SATELITNEWS.COM,LEBAK–Pemerintah Kabupaten Lebak terus berupaya merelokasi pedagang kaki lima (PKL) Jalan Sunan Kalijaga ke Pasar Semi, Desa Narimbang Mulya, Kecamatan Rangkasbitung. Wakil Bupati Lebak Amir Hamzah meminta semua semua pihak kompak.
Rencana relokasi tidak hanya terhadap PKL yang berada di Jalan Sunan Kalijaga, tapi juga PKL yang berada di Jalan Tirtayasa. Dua titik itu masuk relokasi lantaran dampak yang ditimbulkan kerap dikeluhkan pengguna jalan seperti kemacetan.
Guna menyukseskan program tersebut, selain sosialisasi turun ke lapangan Pemkab Lebak hingga saat ini terus melakukan sosialisasi secara masif ke para PKL tersebut dengan cara dipanggil ke kantor Pemkab Lebak.
Sosialisasi ini merupakan bagian dari upaya berkelanjutan Pemerintah Kabupaten Lebak untuk menciptakan penataan kawasan kota yang lebih tertib dan mendukung pertumbuhan ekonomi lokal.
“Kami mohon semua pihak dapat kompak. Relokasi ini bukan semata-mata untuk menertibkan, tapi juga untuk penataa kota dan menghidupkan pasar sebagai pusat ekonomi baru,” ujar Wabup Amir, Jumat (12/9/2025).
Amir menyatakan, bahwa dalam rencana penataan tersebut, pemerintah juga akan menyiapkan rekayasa lalu lintas agar aktivitas jual-beli tetap berjalan dan lancar. Selain itu, sebagai langkah konkret untuk menghidupkan kembali pasar tradisional, para aparatur sipil negara (ASN) Kabupaten Lebak akan didorong untuk berbelanja kebutuhan mereka di pasar.
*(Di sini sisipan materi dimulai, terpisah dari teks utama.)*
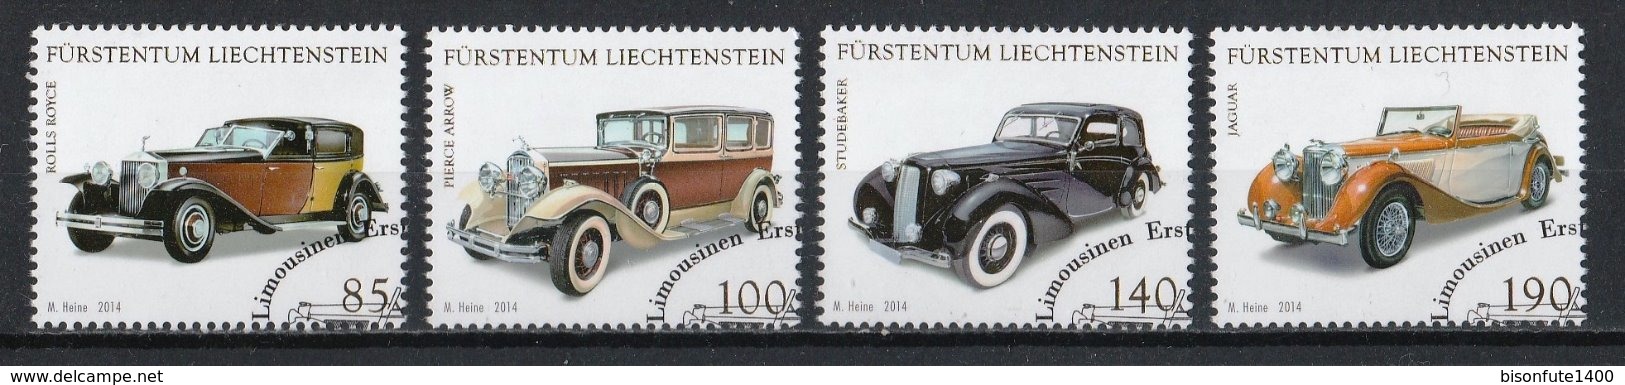 Liechtenstein 2014 : Timbres Yvert & Tellier N° 1666 - 1667 - 1668 Et 1669 Avec Oblit. Rondes. - Gebraucht

“Jadi selain kita menyiapkan rekayasa lalulintas, kita juga akan mendorong para ASN di lingkungan Pemkab Lebak untuk berbelanja ke Pasar Semi,” katanya.
Salah seorang PKL Jalan Sunan Kajilaga yang namanya enggan mau disebutkan, berkeinginan pindah jika pemerinta benar-benar serius mendukung pasar tersebut.
Sebab, kata dia jika tidak diintervensi Pasar Semi yang merupakan pasa baru ini dipastikan sepi pembeli jika tidak ada rekayasa lalulintas.
“Pemkab kan janji juga dalam setahun kedepan membebaskan biaya retribusi. Di sini (Jalan Sunan Kalijaga) pengeluaran kita cukup besar karena yang mungut retrebusi itu banyak sehari bisa mencapai 20 sampai 30 ribu,” katanya.(mulyana)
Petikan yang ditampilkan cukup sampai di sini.